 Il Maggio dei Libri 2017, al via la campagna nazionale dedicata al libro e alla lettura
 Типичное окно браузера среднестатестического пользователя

...

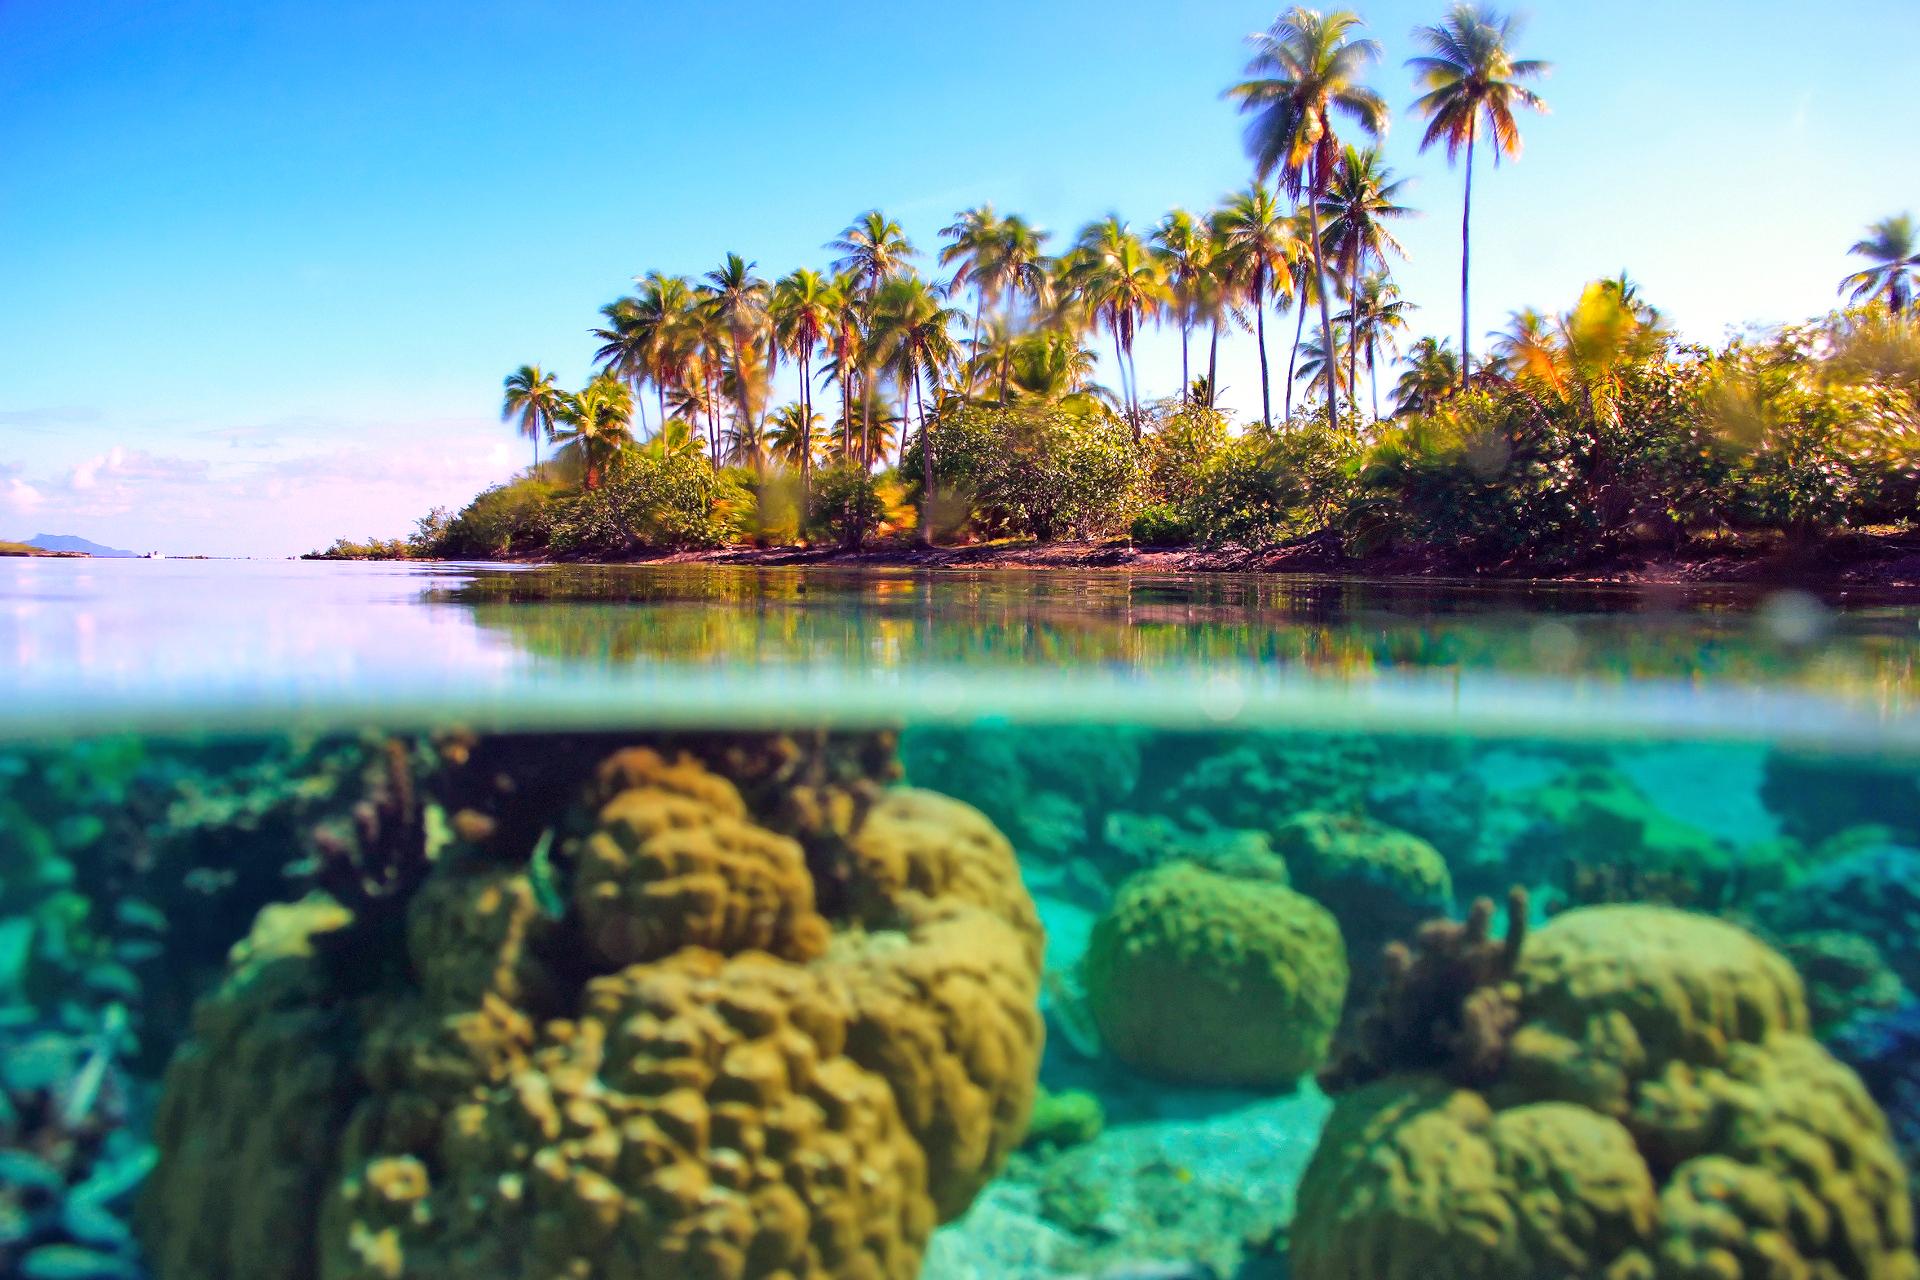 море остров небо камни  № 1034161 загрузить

DESCRIPTION OF THE TASK |
Among the records above, a stretch begins at the line containing "Il Maggio dei" and ends at the line containing "Типичное окно браузера". Restate that stretch word for word, and nothing else.

RESULT |
 Il Maggio dei Libri 2017, al via la campagna nazionale dedicata al libro e alla lettura
 Типичное окно браузера среднестатестического пользователя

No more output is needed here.